Homes built before 1919 risk Halifax mortgage penalty

Homeowners buying and selling older draughty properties face a new penalty under Britain’s net zero drive, it is claimed.

The Halifax has announced a new regime that will see it decide how much it is willing to lend on a property by taking into account its green rating based on its Energy Performance Certificate (EPC).

Properties with a bad EPC rating are assumed to be more expensive to run, in terms of heating, hot water and cooking, which means any buyer would have less cash available to cover mortgage repayments.

These calculations will be taken into account when banks and building societies, such as the Halifax, decide how much they are prepared to lend.

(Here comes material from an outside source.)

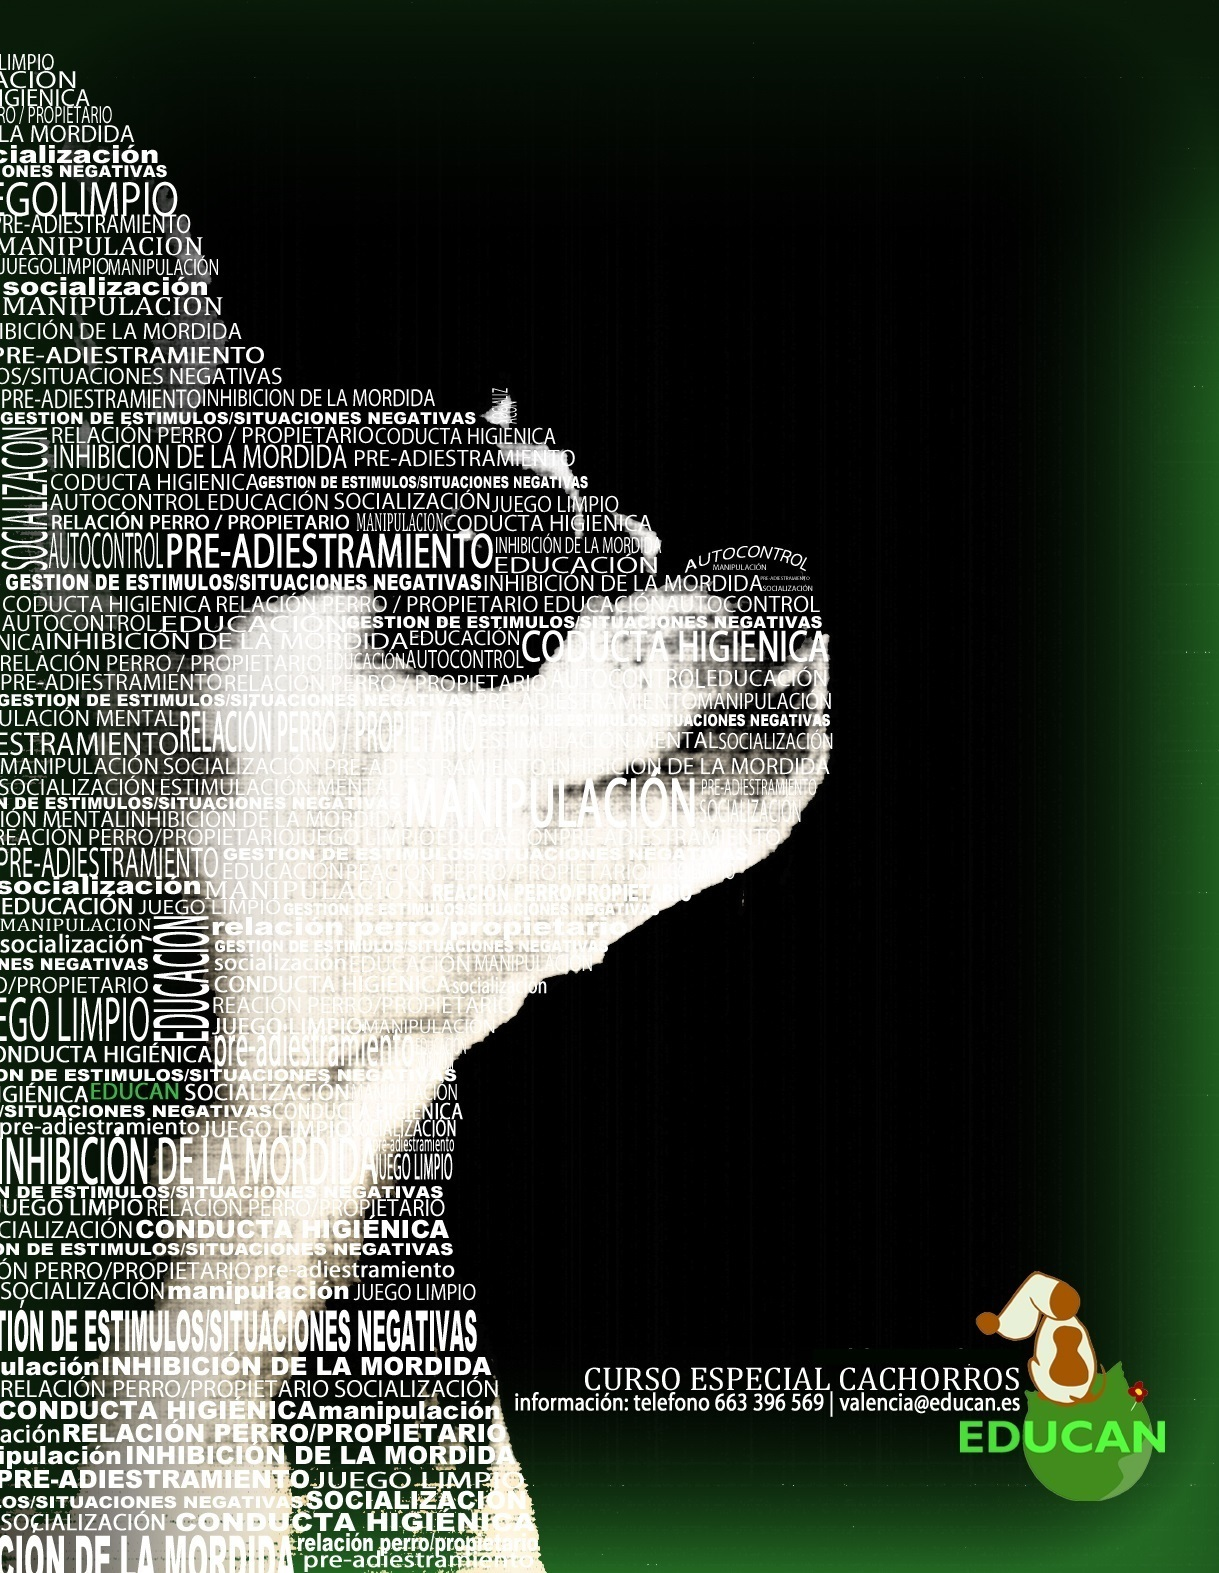 Curso para Cachorros |Valencia 27 oct 2015.

The net effect of the change, which is expected to be followed by other banks and building societies, could create a two-tier market which benefits newer properties over older homes, which do not have the same level of insulation, double-glazing, solar panels or heat pumps as alternatives to central heating.

In future it could be become more difficult to borrow on homes built before 1919, where it could cost tens of thousands of pounds to install green improvements to reduce energy bills and running costs.

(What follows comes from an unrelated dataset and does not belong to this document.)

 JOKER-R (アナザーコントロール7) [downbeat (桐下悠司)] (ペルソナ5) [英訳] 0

A property’s energy efficiency is rated with an EPC, ranging from A to G, with A being the most efficient. Customers with a high EPC rating, such as A or B, are assumed to have lower energy costs, and therefore may see a small increase in the maximum loan available on the property.

However, those buying a property with a low rating, such as F or G, may see a decrease in the available loan, according to Halifax.

In theory, buyers buying older, badly insulated, homes may not qualify for larger loans which may mean the prices of these properties will be knocked down.

A move by lenders to rely on EPCs to decide on home loans is likely to be controversial because there are concerns about their reliability.

EPCs have been criticised as “inaccurate” by consumer group Which?, and former housing secretary, Michael Gove, said there are “weaknesses” in the ratings system that drive “perverse outcomes”.

The move by Halifax is part of a wider move across the housing market to encourage and push property owners to cut household energy use in a drive to reach net zero targets.

Separately, the Energy Secretary, Ed Miliband, has reintroduced green targets for property investors, including buy to let landlords, who will be forced to upgrade their buildings to a minimum C rating by 2030.

The changes introduced by the Halifax mean will be no change to the loan available for properties with a C, D or E rating or where the EPC is unknown.

The new approach has sparked fears that buyers and sellers of older properties will be unfairly penalised.

Alice Haine, at Bestinvest by Evelyn Partners, told the Telegraph: “Green upgrades can be very expensive and while incentivising homeowners to make better choices is beneficial for the overall energy efficiency of the country’s housing stock, it risks creating a two-tier market where only those with the deepest pockets or those owning the newest houses can benefit.”

It could also negatively impact the housing market, Ms Haine has warned.

She added: “With the risk that older properties that require more substantial investment could see their values plummet, owners may be deterred from selling for fear they won’t secure the price they want. This could create a log jam in the market.”

Matt Thompson, of estate agency Chestertons, said EPCs will become a “focal point” for buyers. He highlighted how areas with a high proportion of older properties, such as London, may be harder hit.

For example, in Haringey, north London, 54.3 percent of properties were built before 1919, according to the Health Foundation.

Mr Thompson said: “Buyers have already been squeezed with interest rates. If they’re squeezed by EPCS, they will have to compromise even further on what they can buy.”

Earlier this year, Which? called for an overhaul of the EPC system as the ratings are “inaccurate”.

It argued that EPC ratings confuse homeowners, landlords and tenants. They have led to some homeowners spending thousands of pounds on energy-efficient upgrades.

According to the Office for National Statistics, around eight million homes in England and Wales have an EPC rating of C or lower.

Andrew Boast, of SAM Conveyancing, said the decision by Halifax to link home loans to EPC ratings will slow down the housing market.

He said: “Older homes, which often make up the bulk of the F- and G-rated properties, are likely to be disproportionately affected. These homes already come with higher maintenance and running costs, and Halifax’s change will further compound the financial barrier for prospective buyers and sellers.”

Amanda Bryden, of Halifax, said: “We know that typically, more energy efficient homes are cheaper to run. Using EPC data and energy bill analysis, we’re able to reflect that in mortgage affordability.”